O nascimento de um bebê prematuro exige atenção redobrada para atingir o desenvolvimento pleno do pequeno organismo ainda em formação. A visão, por exemplo, pode ser afetada por uma doença conhecida como Retinopatia da Prematuridade (ROP), que mesmo tendo possibilidades de tratamento deixa, em média, 562 crianças cegas por ano no Brasil.

A Maternidade Escola Santa Mônica atende cerca 1.100 (mil e cem) bebês com risco de retinopatia da prematuridade por ano, através do Programa de Diagnóstico e Tratamento da ROP que recebeu um oftalmoscópio indireto com LED, ainda mais moderno. Os oftalmologistas Daniela Lyra e Hélder Santana respondem pelo Programa, cujo objetivo é identificar e tratar os casos de retinopatias e promover o acompanhamento oftalmológico de bebês nascidos na unidade com peso inferior a 2.000g e com menos de 32 semanas de idade gestacional.

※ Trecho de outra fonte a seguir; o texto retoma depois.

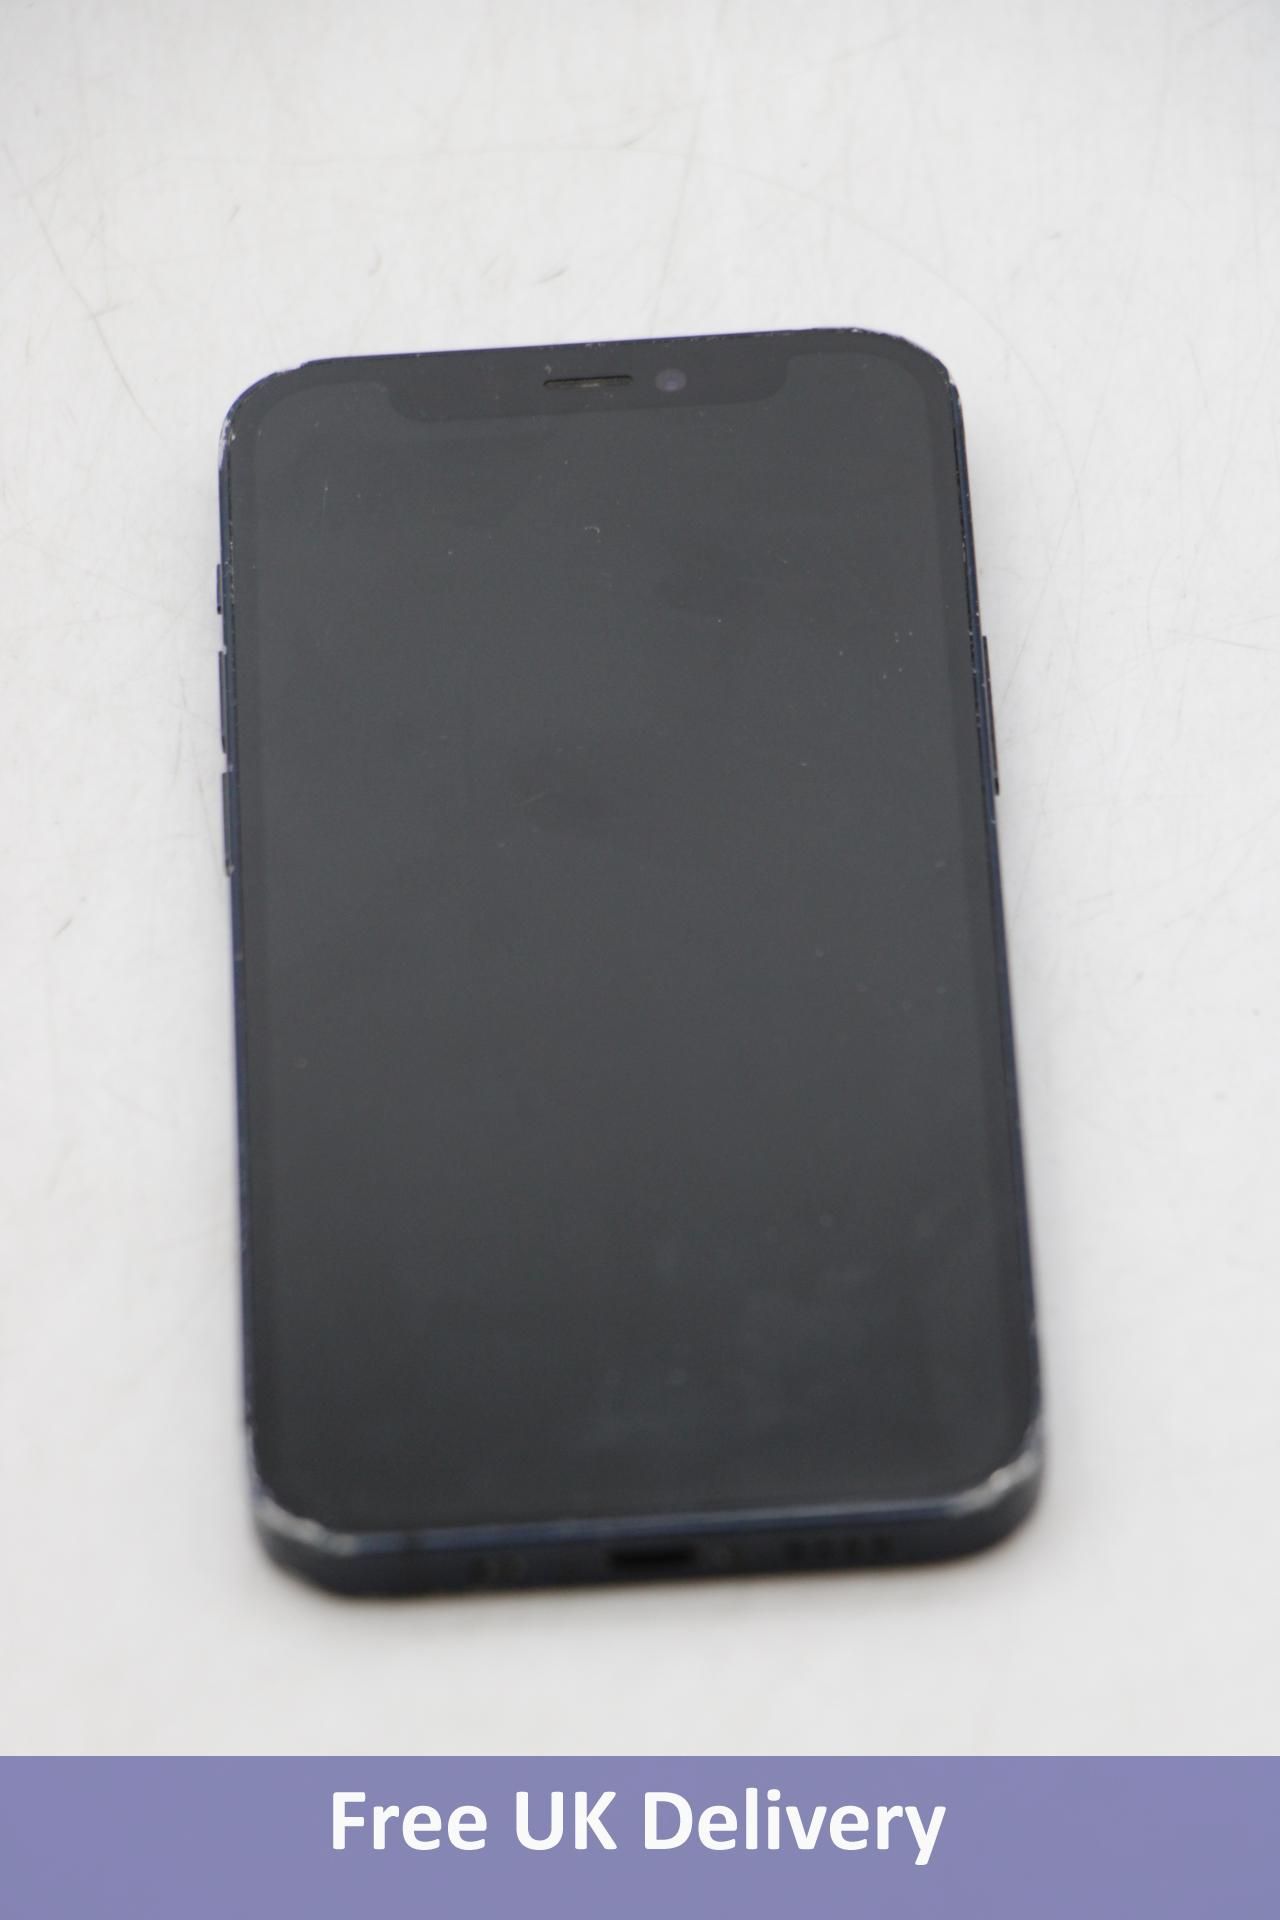 Apple iPhone 12 Mini, 64GB, Black. Used, scratches and dents to casing, no box or accessories. Check

De acordo com Daniela Lyra, a Retinopatia da Prematuridade ocorre apenas em prematuros e tem como fatores de risco principais o baixo peso ao nascer, a exposição à oxigenoterapia, síndrome do desconforto respiratório, sepse, hemorragia intra-ventricular e gestação gemelar.

O programa foi implantado em 2005. Inicialmente, era feito apenas o diagnóstico da doença na MESM e os casos passíveis de tratamento eram encaminhados a Recife. Atualmente, além do diagnóstico da retinopatia da prematuridade, a Santa Mônica também realiza o tratamento que evita a cegueira.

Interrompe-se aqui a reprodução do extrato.